Research

Challenge 1 – The Making challenge

To create new hybrid manufacturing processes, that combine multiple Additive Manufacturing (AM) process with precision machining and coating processes to create components that disrupt the traditional functional trade-offs of Size, Weight and Power (SWaP) through techniques such as varying the material properties within a part and harnessing the digital production of optical components.

Project M1: Complete Additive Manufacturing of a Laser Chassis

The joint team is delivering a program of application-specific research and development designed to de-risk the complete manufacturing of an optical laser assembly and chassis using laser-powder-bed fusion technology, and address major barriers currently perceived for the successful uptake of AM technology in future laser products.

The team is focussing on a future-generation hand-held laser target designator as example case, with learnings transferable to other platforms and systems. This example will benefit the most from volume and weight savings promised by AM, but it is critical to maintain or improve on laser system efficiency. An ultra-compact design will challenge the management of internally generated heat in the laser chassis, whilst ensuring the optical performance over a large temperature range. AM offers opportunities in the material choices, novel geometries and interface-engineering between optics and AM-printed parts, all of which are being developed and critically evaluated in this project.

This project is core to the Partnership Roadmap benefitting from the prior work of the team members and feeds into partnership projects, PhD topics, technology roadmaps and future major project proposals to external stakeholders.

Project S1: Novel AM materials to manage laser chassis thermal expansion

The objective of this project is to explore the use of novel materials and forms enabled by additive manufacturing (AM) to effectively manage thermal expansion and distortion in a laser chassis. Minimizing the degradation of optical performance due to thermal expansion during laser operation is a key goal. Although additive manufacturing has seen limited adoption in high-precision laser systems, it holds the potential to provide new solutions to this problem. We will focus on laser powder bed fusion (PBF) AM, the dominant metal AM process, which ensures compatibility with the existing supply chains. This project, along with long-term project M1, aims to contribute to the overall ambition of manufacturing a laser chassis by AM, future-proofing the design, and assessing the commercial advantages of utilizing new materials despite the additional cost associated with AM products.

Challenge 2 – The Manipulation Challenge

M2: Cyber-Physical Fabric for Robotic Assembly and Maintenance

A programme of application-specific research designed to explore the automated, cobotic and/or autonomous alignment of an optical laser assembly using robotics and mechatronics.
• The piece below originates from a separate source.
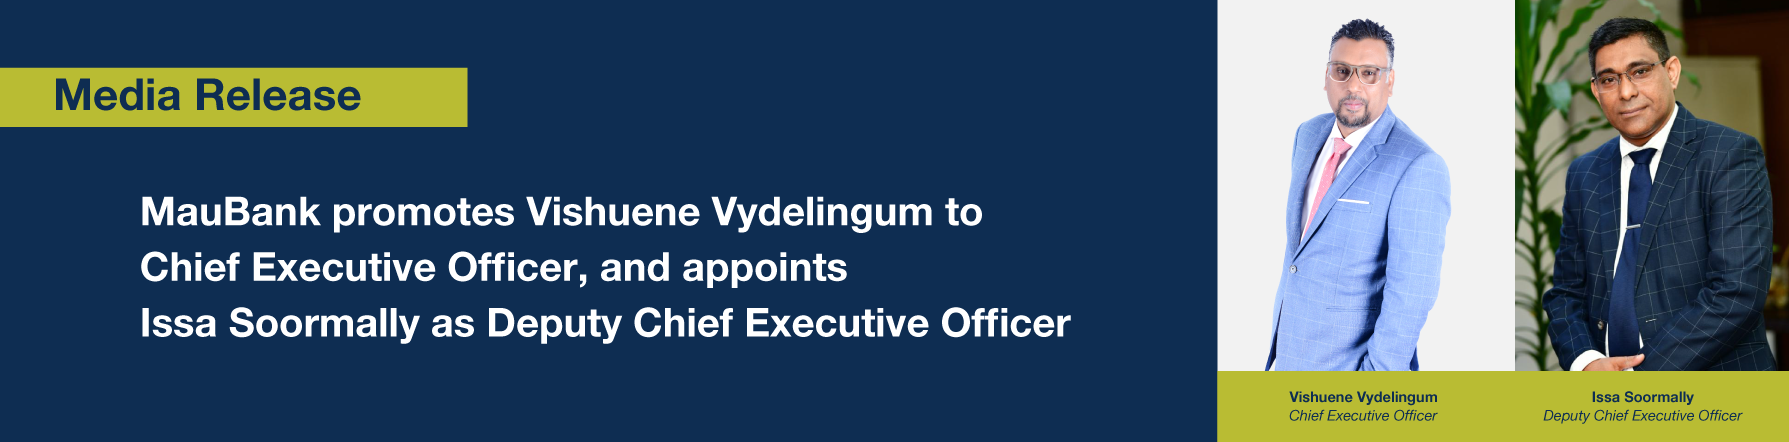 MEDIA RELEASE – MauBank promotes Vishuene Vydelingum to Chief Executive Officer, and appoints Issa Soormally as Deputy Chief Executive Officer
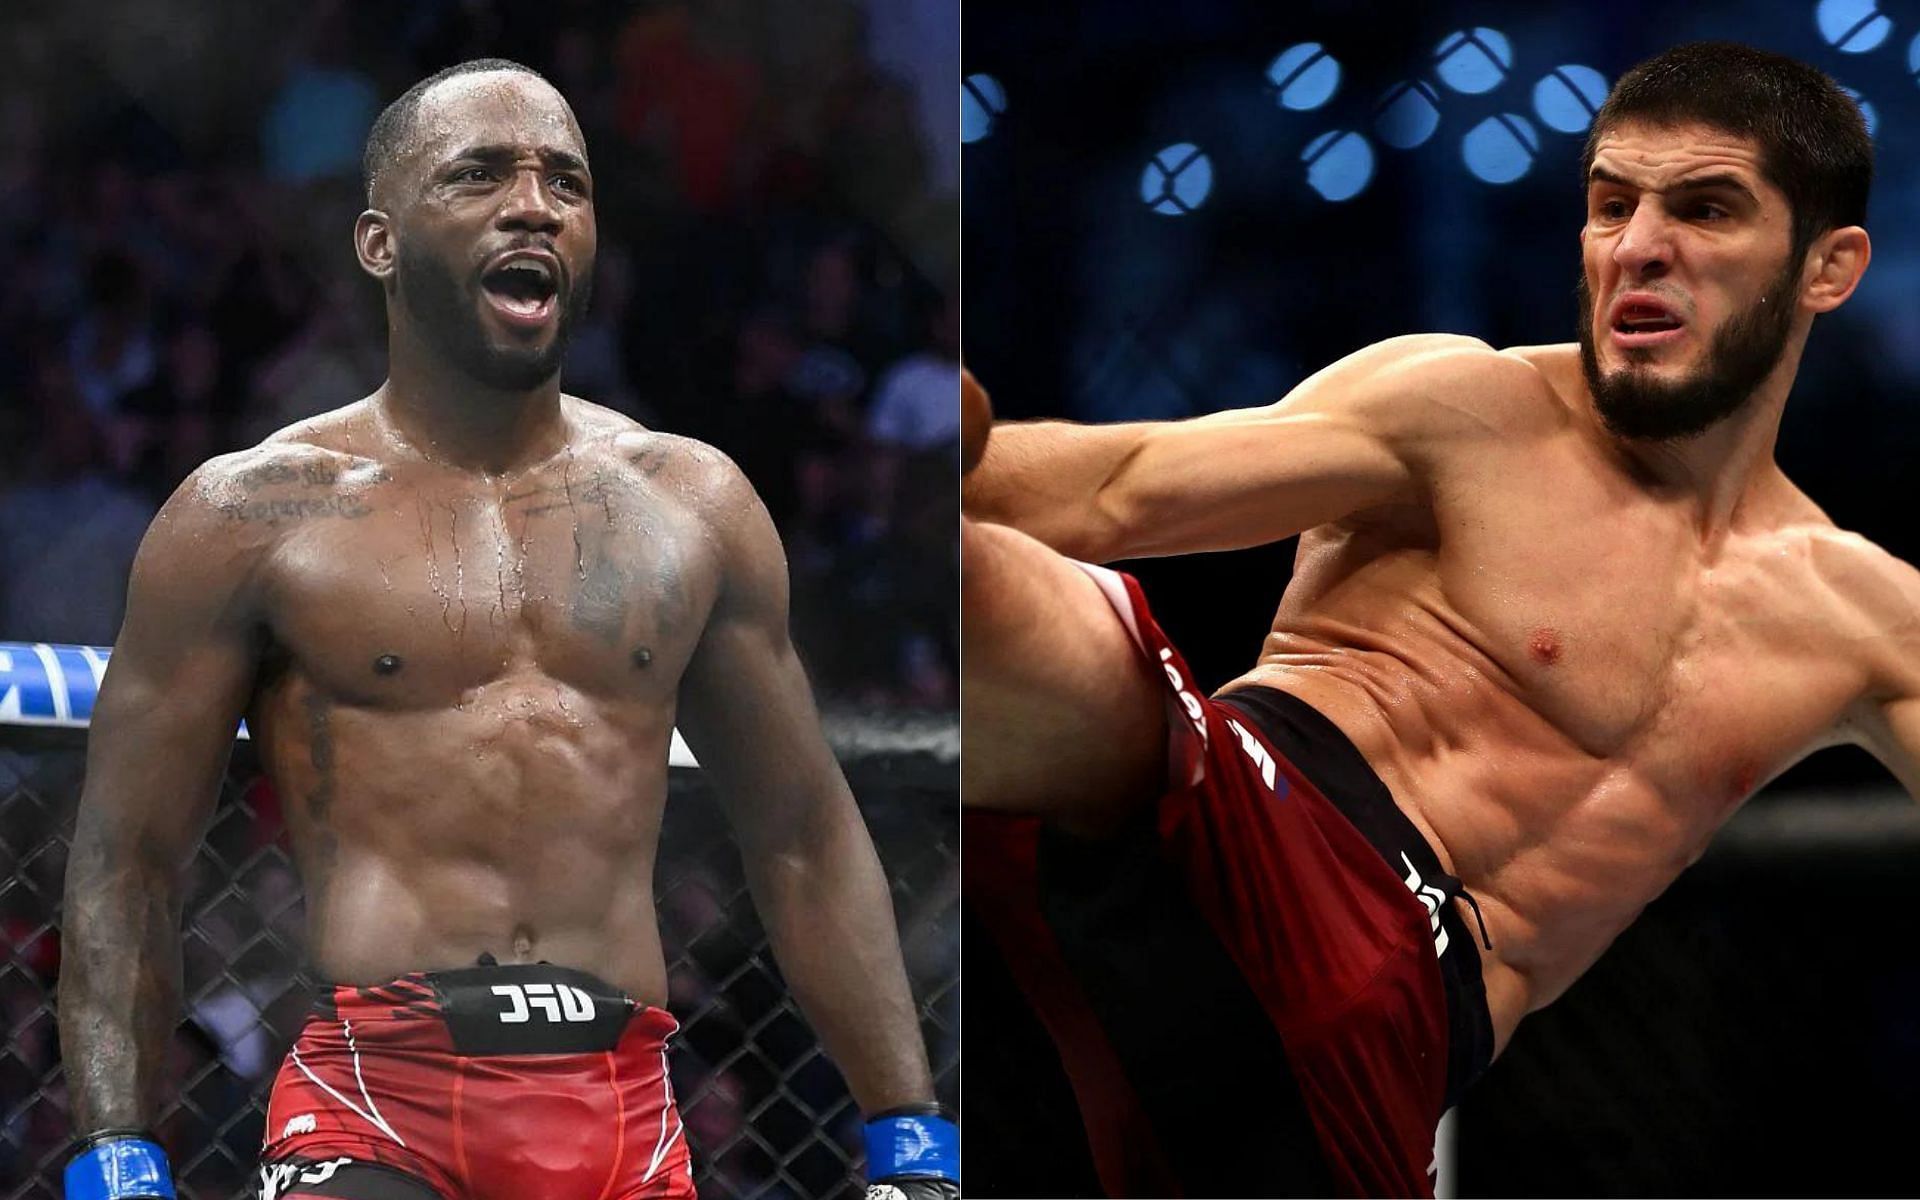 Leon Edwards (left) and Islam Makhachev (right)

Research will focus on automated alignment strategies and machine learning. The core project goals are to provide design and manufacture rules on automated laser assembly paired with a demonstrator shared with the M1 Additive Manufacturing system.

Challenge 3- The Computation Challenge

M3: Sensor Data and Resource Management for Autonomous Airborne Platforms

Previous projects (University Defence Research Collaboration (UDRC) and DASA) have demonstrated that sensor networks and multi-sensor fusion techniques address key challenges in intelligence, surveillance, target acquisition, and reconnaissance (ISTAR) but data-driven sensor tasking and resource management, particularly when considering autonomous platforms, has still not been adequately addressed. A sensor-systems Engineering approach is required which builds on an existing Leonardo-funded PhD studentship and aligns with the related NATO Set group work. The main objectives are to develop the necessary sensor processing, information fusion and resource management systems to provide air and surface surveillance with over the horizon situational awareness providing detection, tracking, and recognition capability of surface and airborne objects within sufficient timescales to react appropriately and to achieve this capability, necessary to develop state-of-the-art signal processing solutions for enhancing a multi-sensor radar system.

S2. Next-generation sensing using event-based processing and neuromorphic computing

A programme addressing the current limitations of traditional frame-based sensors and associated processing pipelines with a new family of algorithmic architectures that mimic more closely the behaviours of biological brains. In such architectures, referred to as spiking networks, the data is encoded via trains of spikes or events, which allows processing using simple elementary operations. They can offer increased processing speed and reduced power consumption, especially when implemented on dedicated hardware (neuromorphic chips or FPGAs). The main challenges associated with event-based processing, to be addressed are computationally efficient and reliable training of spiking architectures for imaging and sensing tasks. More efficient methods have recently been shown to lead to smaller architectures, i.e. lower-cost and lower-power computing units, while maintaining good information extraction performance. The project will address two distinct elements: Data Extraction: Using a combination of statistical and data-driven methods, we will develop methodological tools to extract information from streams of events associated with radio frequency (RF) and electro-optical (EO) sensors and learning for machine learning (ML): supervised offline learning as well as the emerging powerful self-supervised learning techniques that require little or no ground truth data and could lead to longer projects covering online learning (during deployment) as well as implementation on dedicated hardware.